The structure of the act makes it clear that the term negotiates, as here employed, is not a term of art but applies to any instruments procured in substitution, whether negotiable or nonnegotiable.

[6] Cf. Gilmore, The Commercial Doctrine of Good Faith Purchase, 63 Yale L J 1057, 1103.

[7] See Skilton, Cars for Sale (Automobile Financing), 1957 Wis L Rev 352, 416, 417, 424.

[8] The draftsman of the act, in explaining the use of the term "instruments in such form as to be negotiable by the borrower, or such form as by common practice are purchased and sold as if negotiable" stated that the clause was "an attempt to give protection, in the type of transaction, to the purchase of investment instruments which are in fact freely dealt with on the market, without too close regard to whether a particular court would hold one or some of such instruments to be nonnegotiable. See definition of `instrument.'"

As to such definition of "instrument," here referred to, the draftsman states as follows in section 1: "The attempt is here made to include under `instrument' those instruments which are in fact dealt with on the investment market, without too close regard to whether a particular court may hold any of them to fall outside the negotiable instruments law." Handbook of the National Conference of Commissioners on Uniform State Laws and Proceedings, 1926. pp 404 and 400, respectively.

[9] See 9C Uniform Laws Annotated, p 224. See, also, report of committee on uniform trust receipts act to the national conference of commissioners on uniform state laws with respect to the seventh (and final) draft of the act.

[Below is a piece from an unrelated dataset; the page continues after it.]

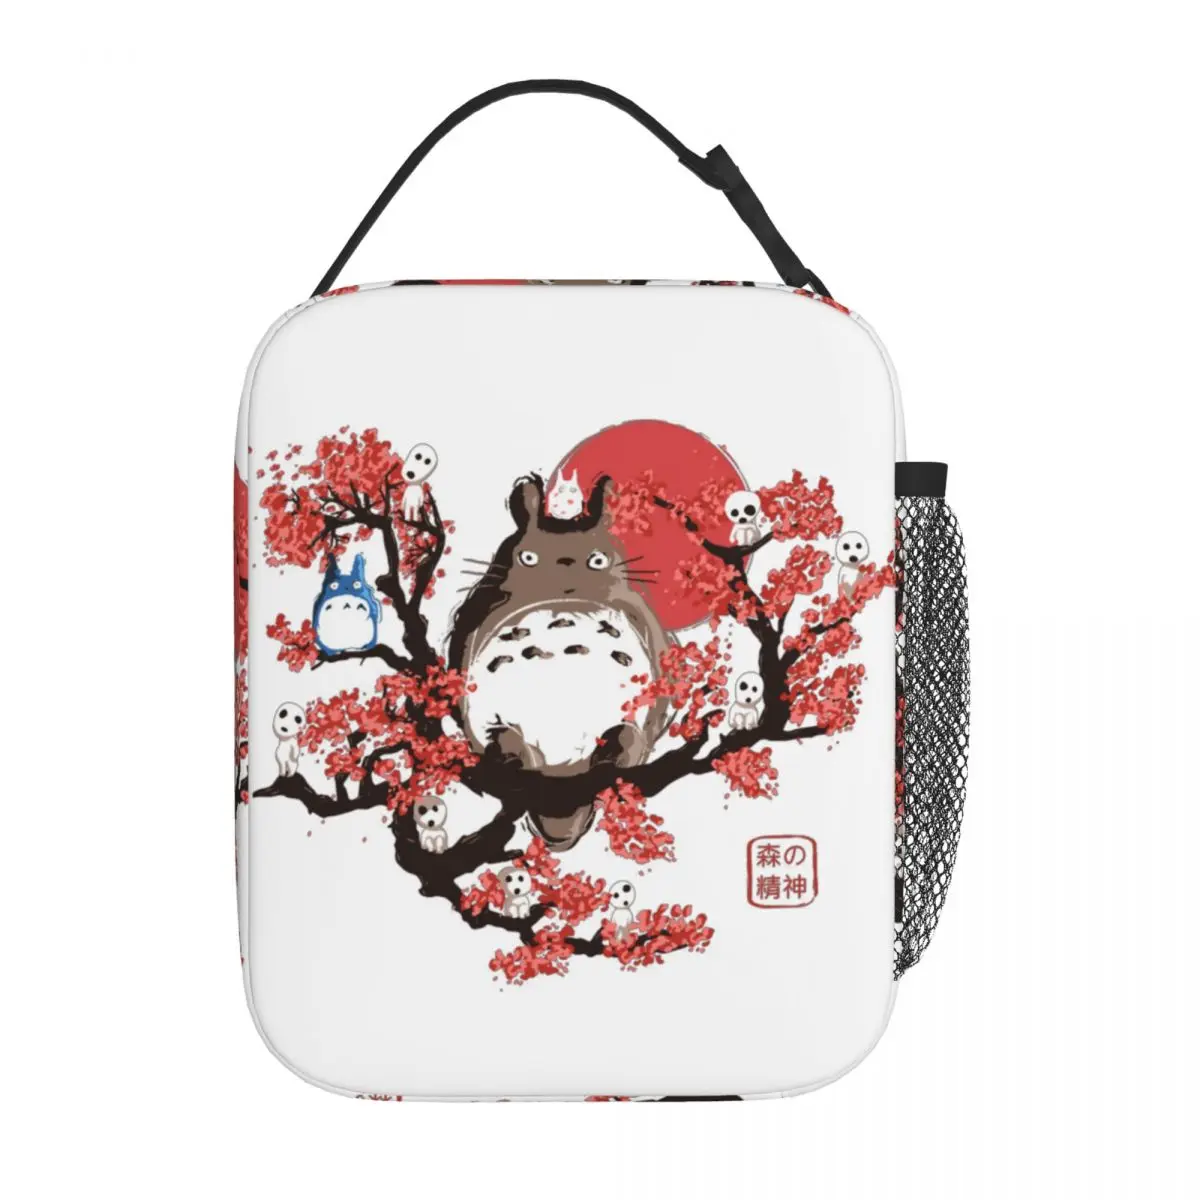 

My Neighbor Totoro Forest Spirit Insulated Lunch Boxes Kawaii Cute Totoros Kodama Lunch Container Thermal Cooler Lunch Bag
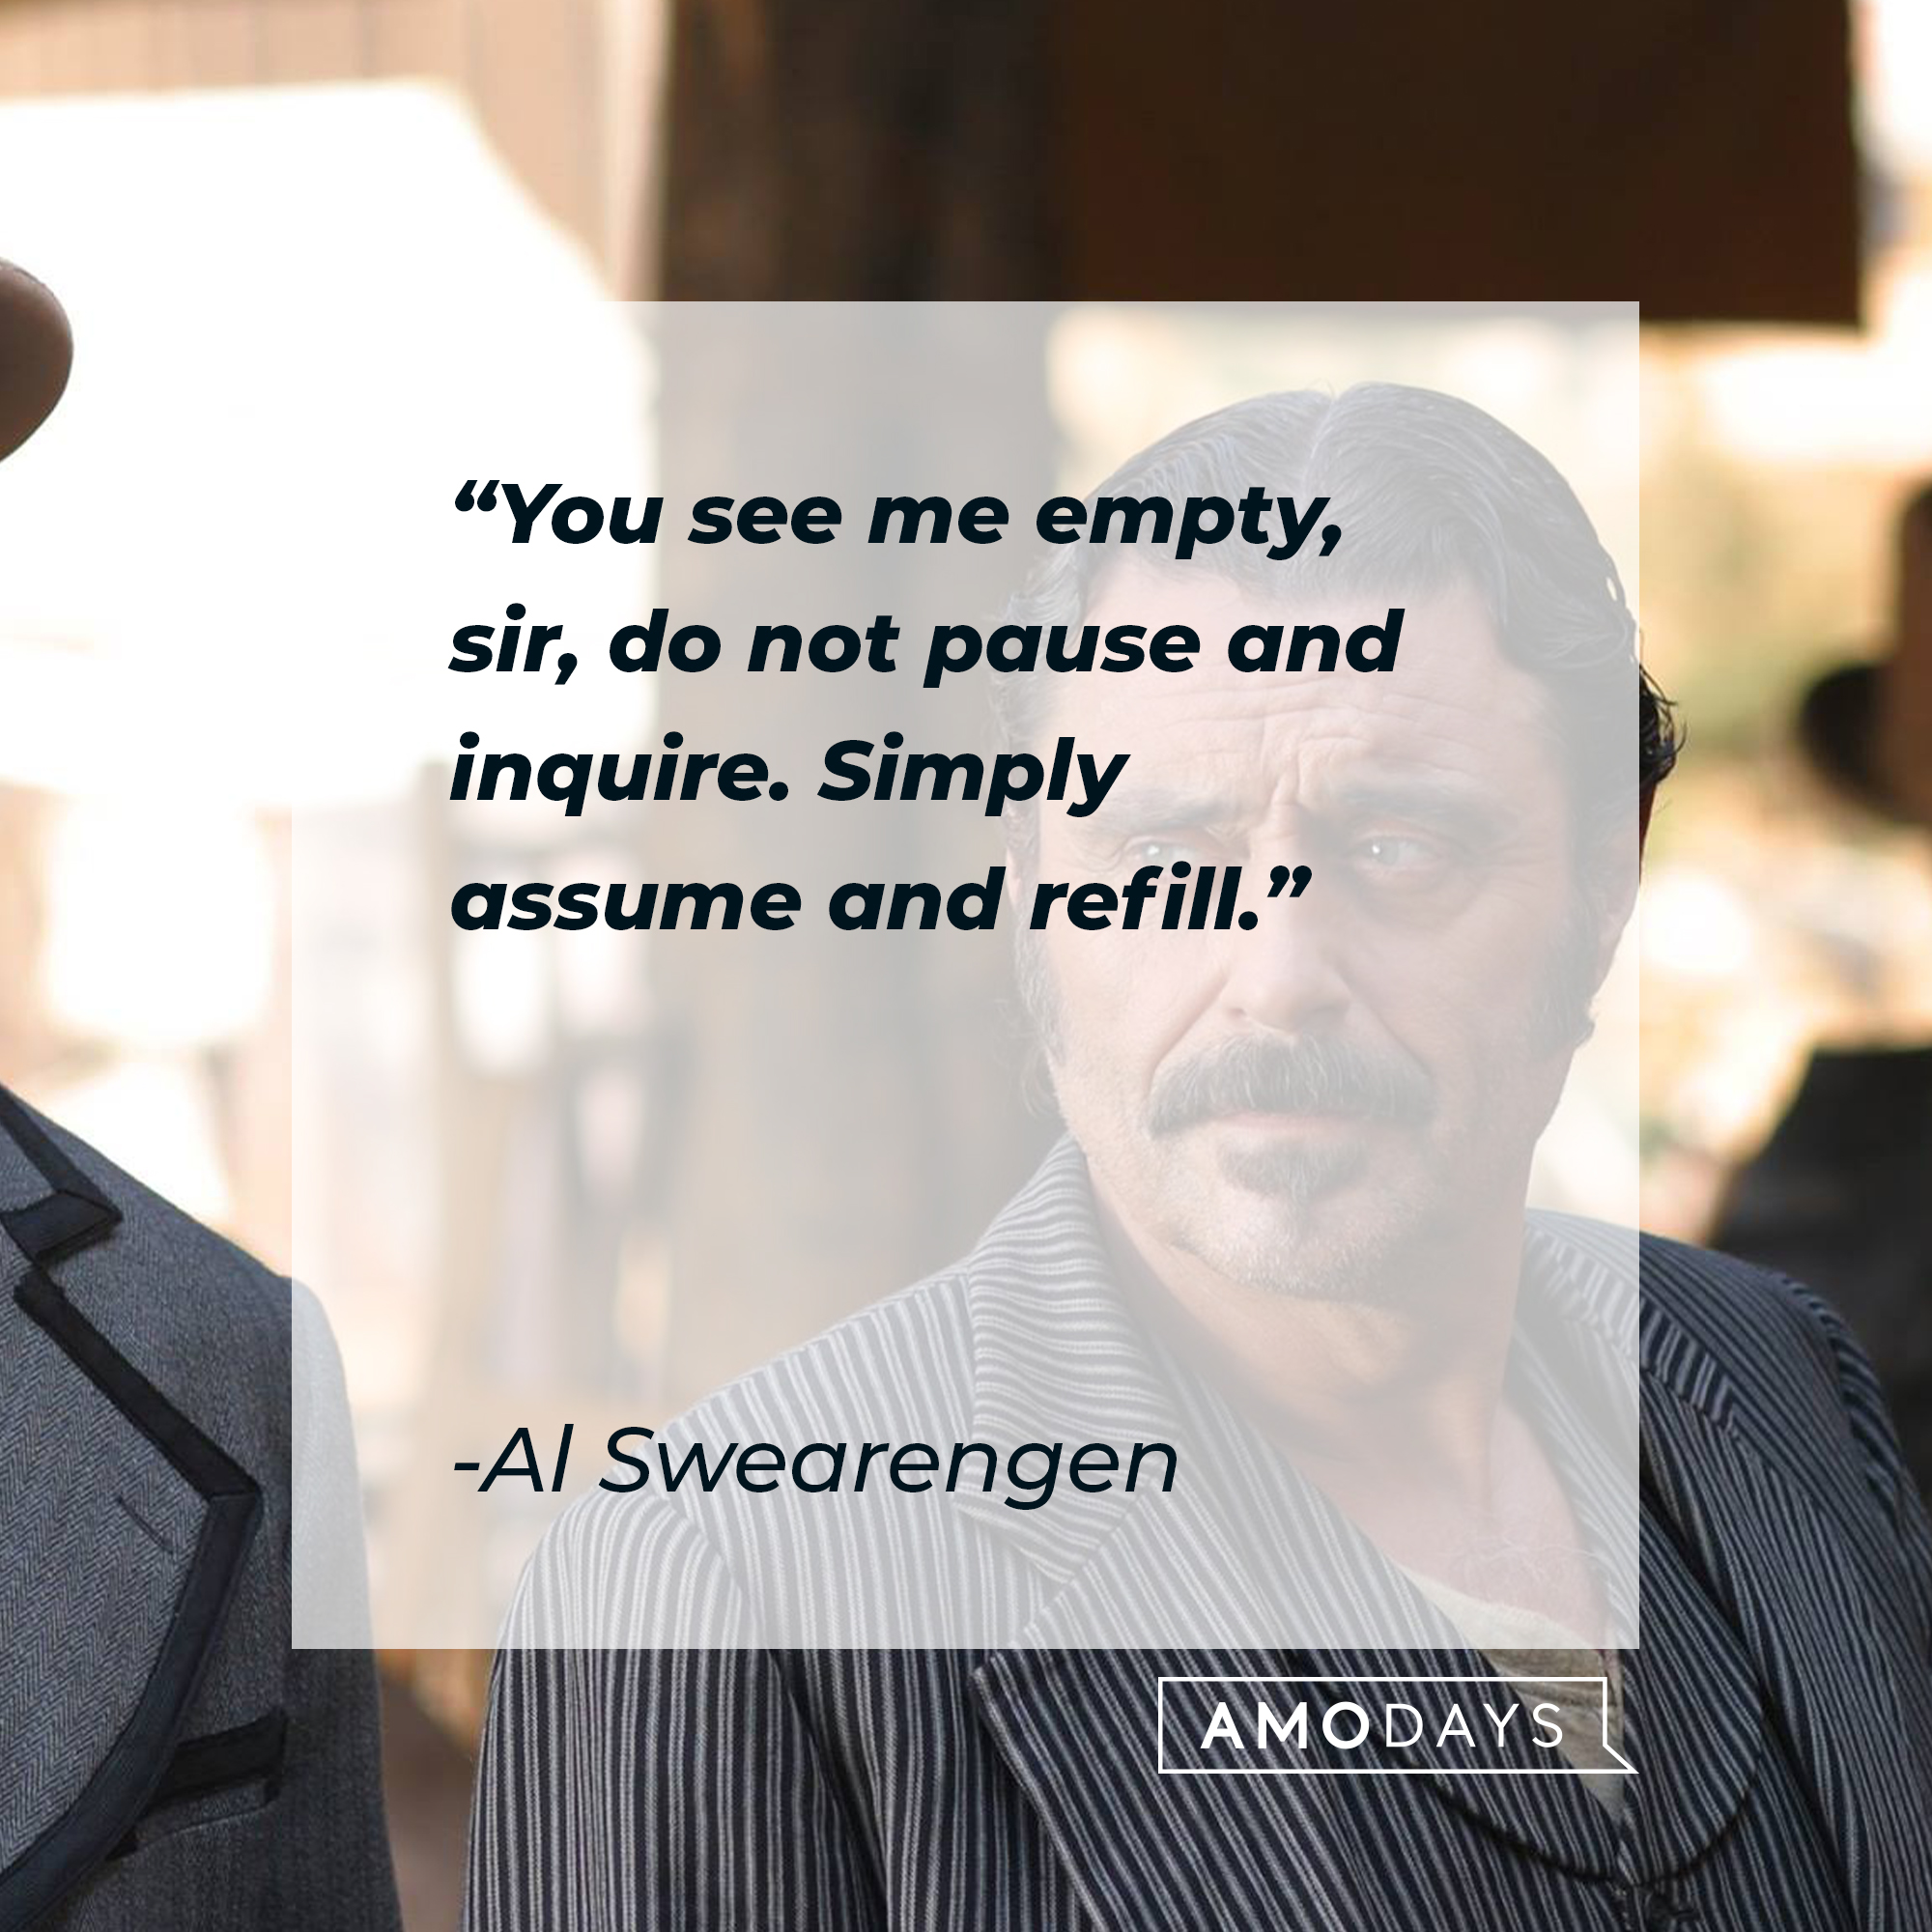 Al Swearengen with his quote, "You see me empty, sir, do not pause and inquire. Simply assume and refill." | Source: Facebook/Deadwood

"The basic theory of the act still rests on these propositions: * * *

"(2) That the trust receipt is not adapted to displacing the chattel mortgage as a device to give security against the borrower's dishonesty: but that the lender who lends on trust receipt assumes all risk of the borrower's dishonesty or fraud. The security to be offered is security against the borrower's honest insolvency. Within this limit, the act as proposed makes every concession to the lender. None of the concessions made goes beyond this limit: and thereby the adequate protection of purchasers and other creditors of the borrower is assured." (Emphasis theirs.) Handbook of National Conference of Commissioners on Uniform State Laws and Proceedings, 1933, p 241.